Physics – High Energy Physics – High Energy Physics - Theory
Scientific paper
1996-12-27
Nucl.Phys.B505:660-678,1997
Physics
High Energy Physics
High Energy Physics - Theory
Section 5 is largely extended, 23 pages, Latex 2.09, no figure
Scientific paper
10.1016/S0550-3213(97)00471-9
We present some mathematical aspects of Landau-Ginzburg string vacua in terms of toric geometry. The one-to-one correspondence between toric divisors and some of (-1,1) states in Landau-Ginzburg model is presented for superpotentials of typical types. The Landau-Ginzburg interpretation of non-toric divisors is also presented. Using this interpretation, we propose a method to solve the so-called "twisted sector problem" by orbifold construction. Moreover,this construction shows that the moduli spaces of the original Landau-Ginzburg string vacua and their orbifolds are connected.

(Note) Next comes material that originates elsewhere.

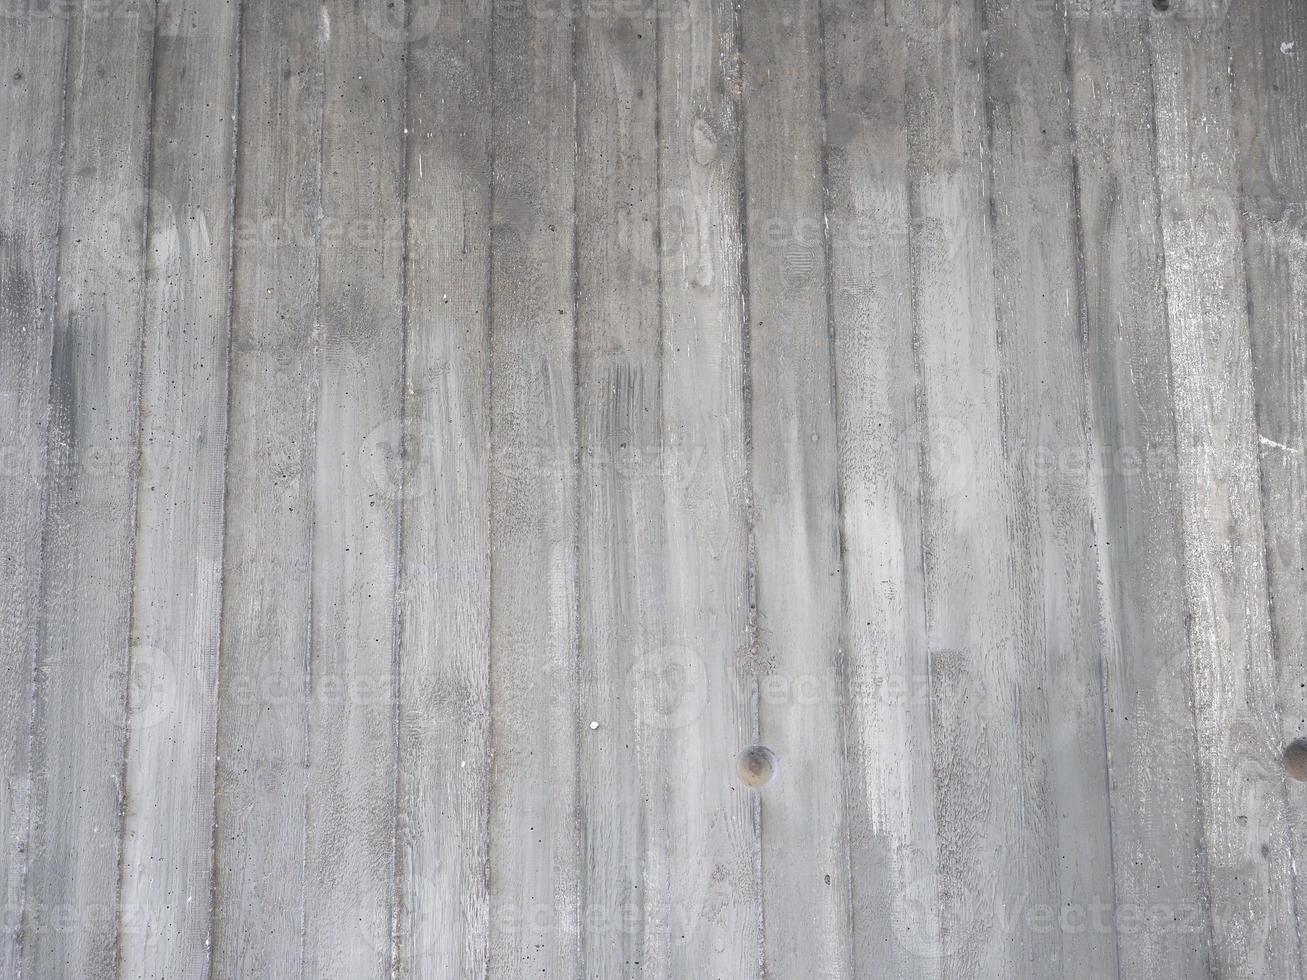 sfondo grigio cemento texture foto
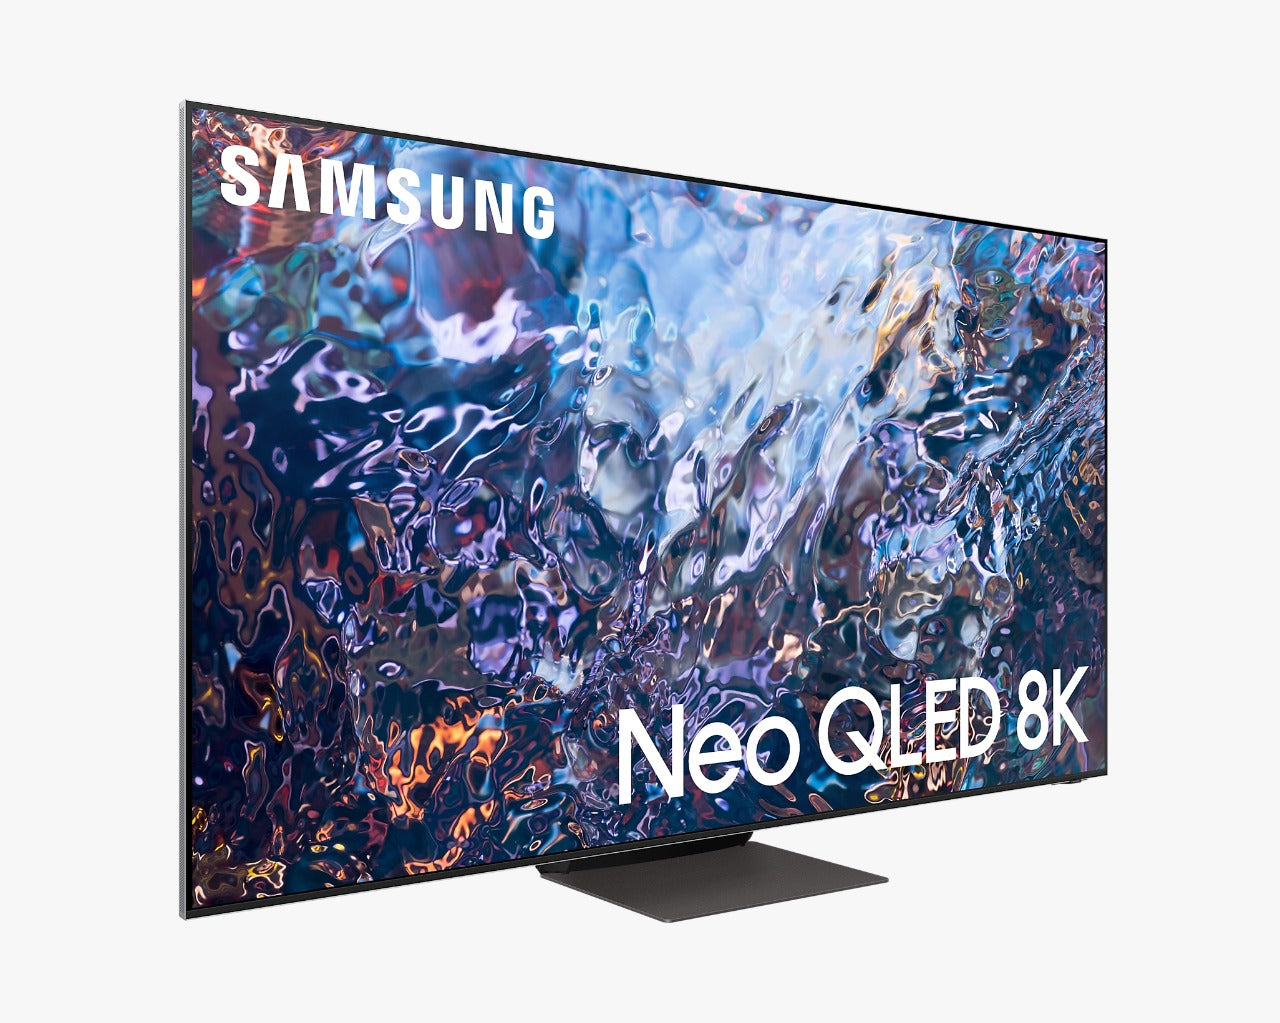 Samsung 1m 63cm (65") QN700A Neo QLED 8K Smart TV

By considering the mirror map of Landau-Ginzburg models, we obtain the relation between Mori vectors and the twist operators of our orbifoldization. This consideration enables us to argue the embedding of the Seiberg-Witten curve in the defining equation of the Calabi-Yau manifoulds on which the type II string gets compactified. Related topics concerning the Calabi-Yau fourfolds and the extremal transition are discussed.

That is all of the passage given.